For someone who won something with the word “Fulbright,” she could have been more…together.  She had no idea where the group was staying, and kept asking very basic questions about what there was to see in Tokyo.  I had to reassure her that yes, her digital camera was actually capable of photographing the plane wing, as we took off (she wanted to show her low-income students what it would be like to be on a plane.) For some unknown reason, she suspected that it might not work.

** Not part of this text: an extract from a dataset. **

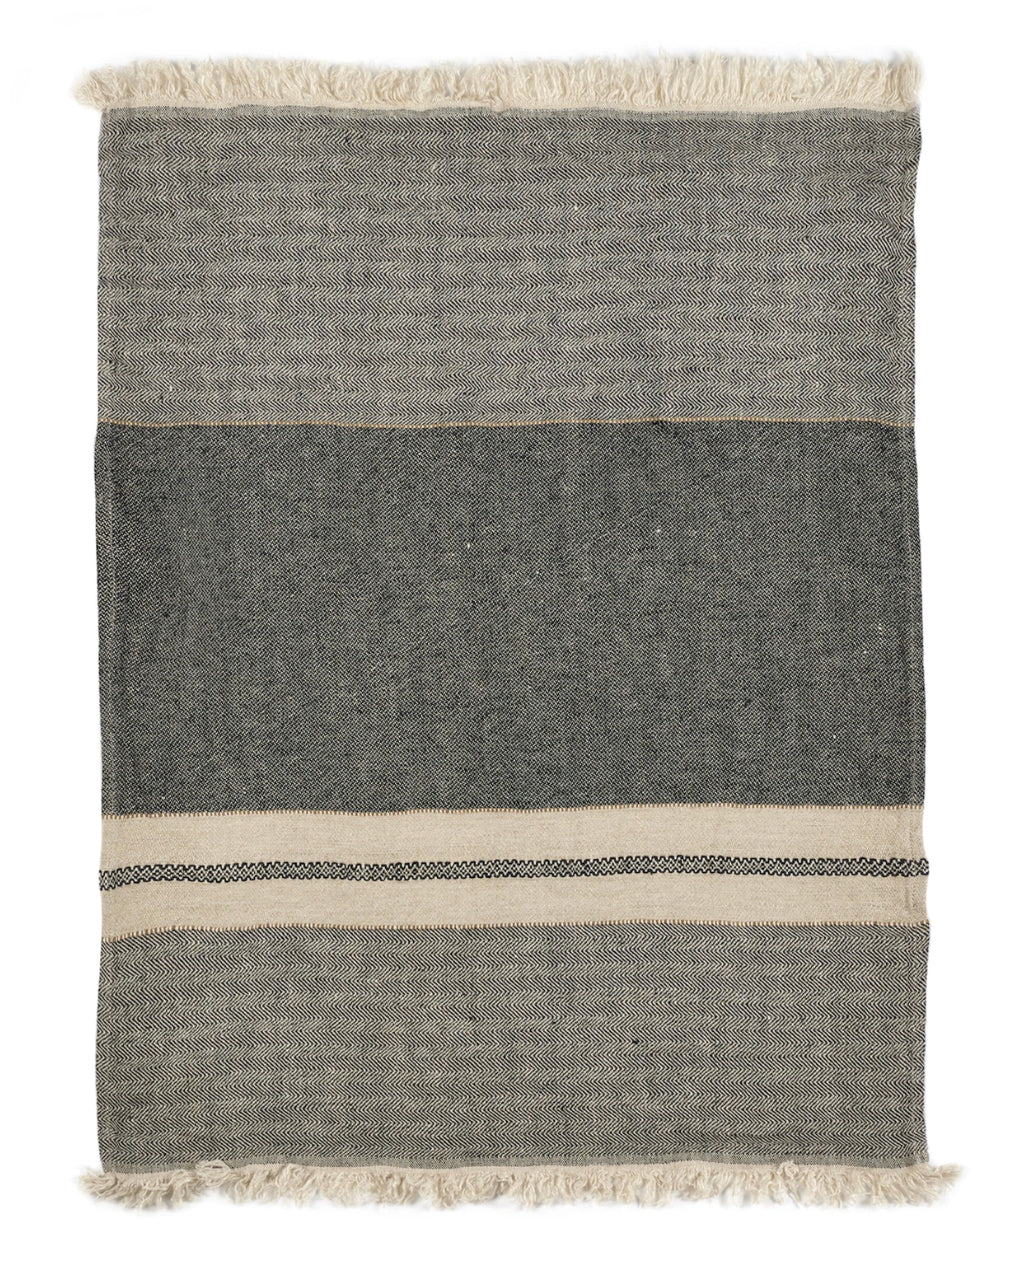 Libeco Guest Towel - Tack Stripe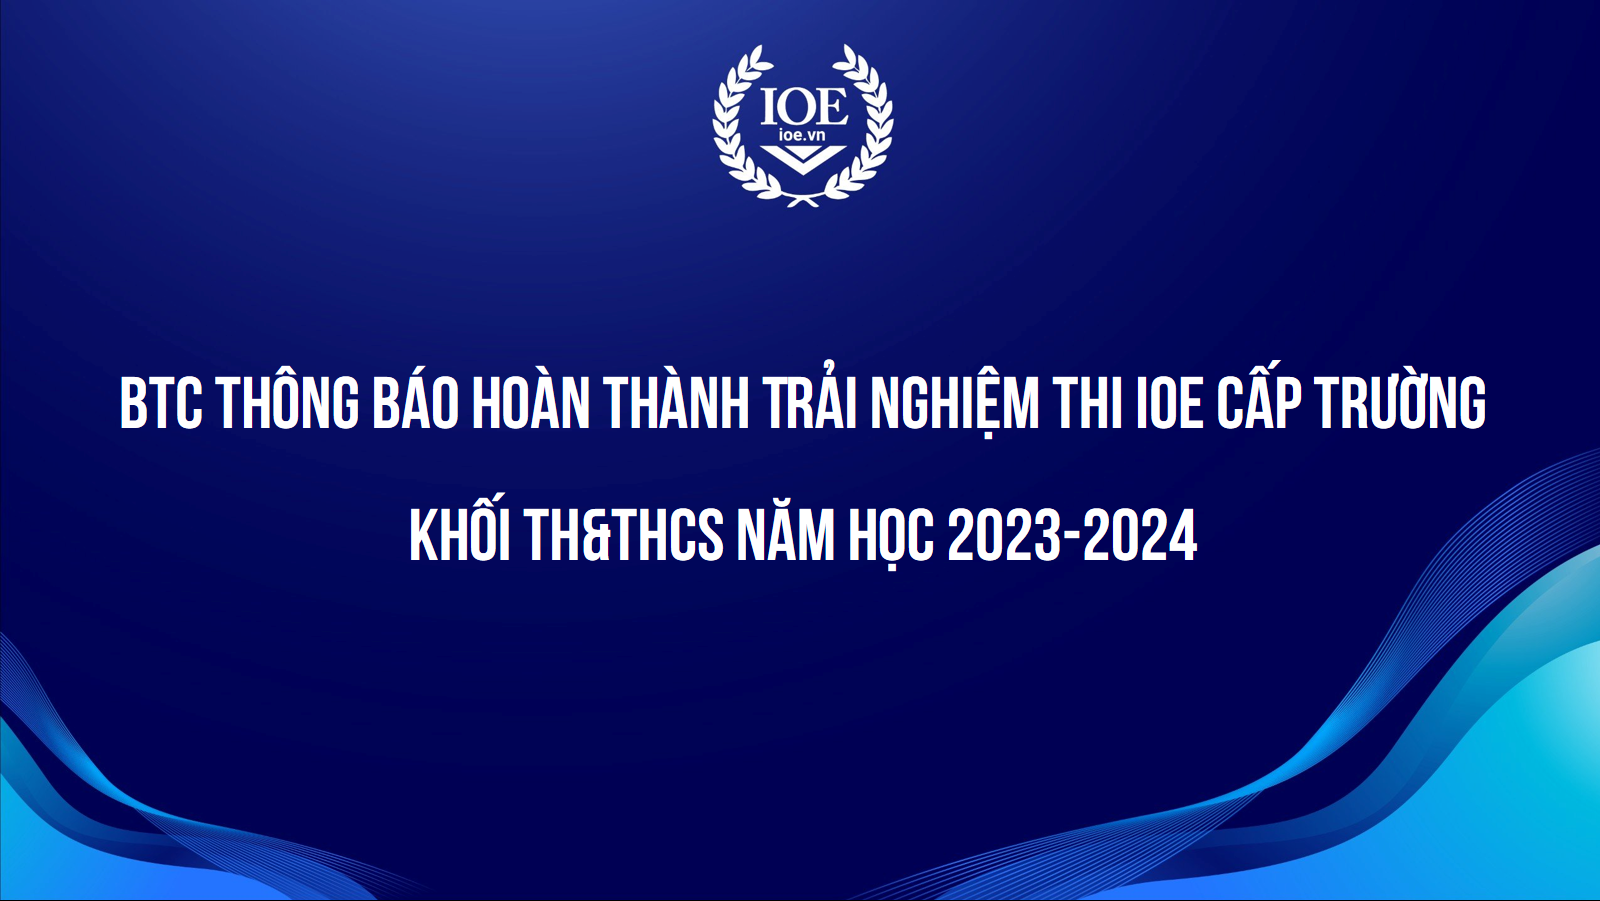 BTC Thông báo hoàn thành Trải nghiệm thi IOE cấp trường khối TH&THCS năm học 2023-2024

Very different worlds, we come from – that social worker, and I.  She probably thought of me as a spoiled yuppie traveler, and she’d largely be right.

Anyhow. Once on the ground, it was an uneventful, if somewhat tedious task to get to the apartment, and sign off on papers and such.  I was feeling all proud of my ability to read buttons (I did a load of laundry, and even got the complex drying system going) until I wanted to take a shower.  It seemed that there was no hot water no matter how I twisted the faucet handle.  After splashing a bit with cold water, and resigning to try again in the morning, I found a dusty apartment manual underneath the tv.

Foolish foreigner that I am, I failed to recognize the electric panel in the kitchen as the hot water controller.  You can use it to preset amounts of water to heat, and at what temperature, at what time.  Presumably this is to ease the process of drawing a hot bath around home-from-work time.  Or to somehow conserve energy.